Why Storm and Stress?
Biological changes contribute for some extent. The dramatic hormonal changes that accompany puberty contribute to emotional volatility and negative mood, particularly in early adolescence. But this hormonal contribution to mood distruptions appears to be small and tends to exist only in interaction with other factors. The environmental factors like peer pressure, comparing oneself with youth of one’s age, low self image, exposure to media, unrestricted engagement in social networking sites, cyber bullying contribute to storm and stress.
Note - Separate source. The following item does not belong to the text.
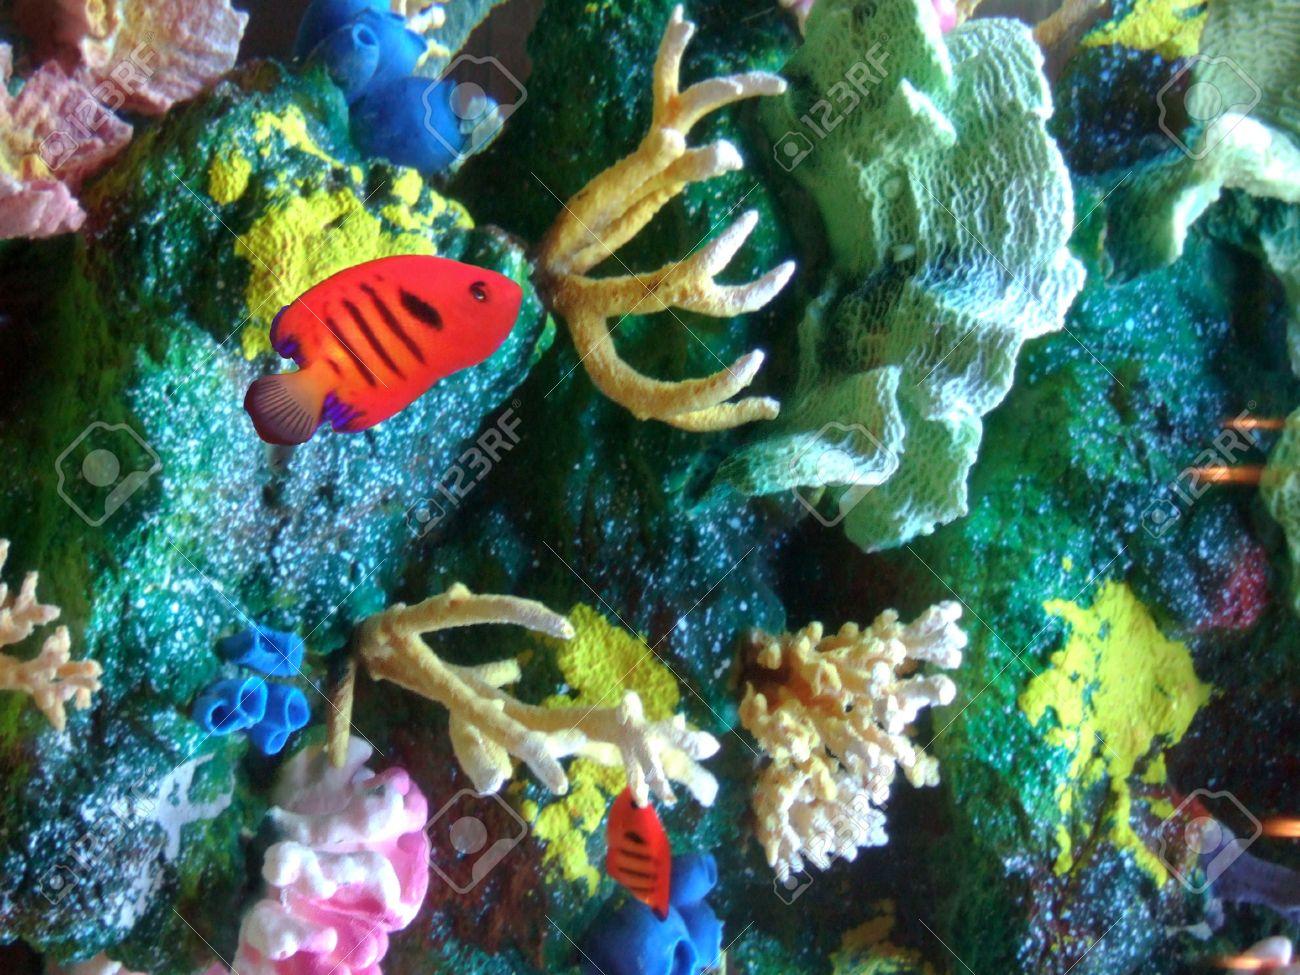 Aquarium Containing Bright Red Fish, Colorful Coral Rocks And ...

How to come out of storm and stress
The phase of youth is a passing but an important phase of life. The individual at this phase faces certain amount of storm and stress. Unless one is aware, adjusts and make attempts to overcome, then things may turn out to be worse. It may take a life time to set right the derailed things of one’s life. "Failing to plan is planning to fail" - This is much true for the young. So the individual has to be aware and seek proper help from those who are capable to help them. Certainly, positive social support of one’s peers play an important role at this phase. Good friends with their emotional support and belongingness help them to brush out the stress. Relying solely on them may worsen their situation as it is said ‘two blinds tread only towards the ditch’. They need the support of their parents. The young value and respect their parents even though they have dfferences with them. Along with the discipline, they also expect understanding and emotional bonding to ease out the stress.
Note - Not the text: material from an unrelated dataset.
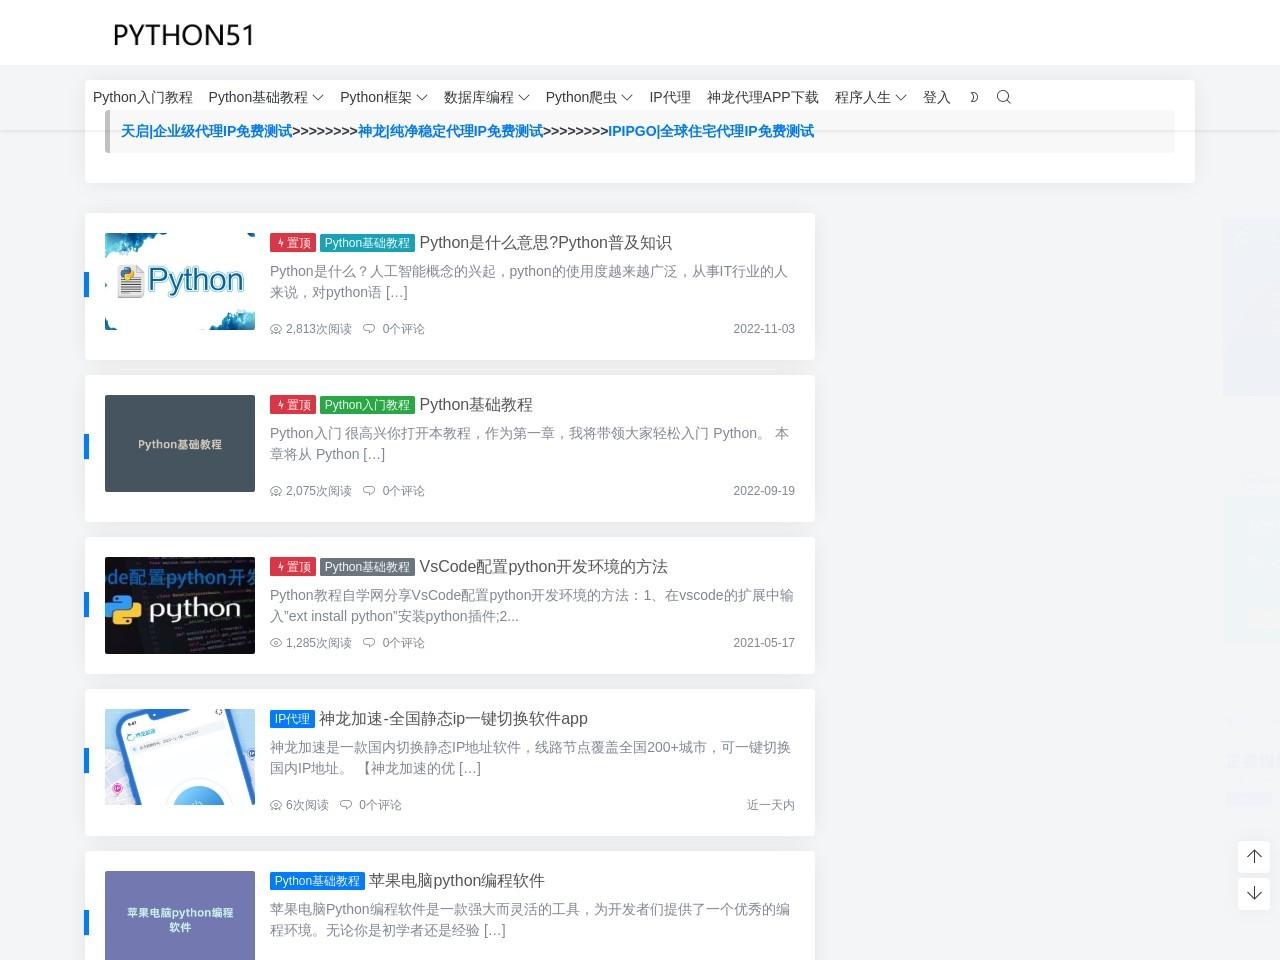 Python教程自学网-Python培训,Python编程培训学习网站

Belongingness with their parents makes them confident and helps them to feel that they are not alone but some one is with them. As the young are idealistic i.e., they know things theoratically, parents have the obligation to make them known to them the reality. When the parents fail or find hard to guide their young then youth workers, teachers, animators or family members play the similar role.
The phase of youth is an important but challenging phase of life. There are significant risks and the individual is prone to biological, social, moral and econmic vulnerabilities. Understanding and concern by the parents and responsible adults will ease their storm and stress.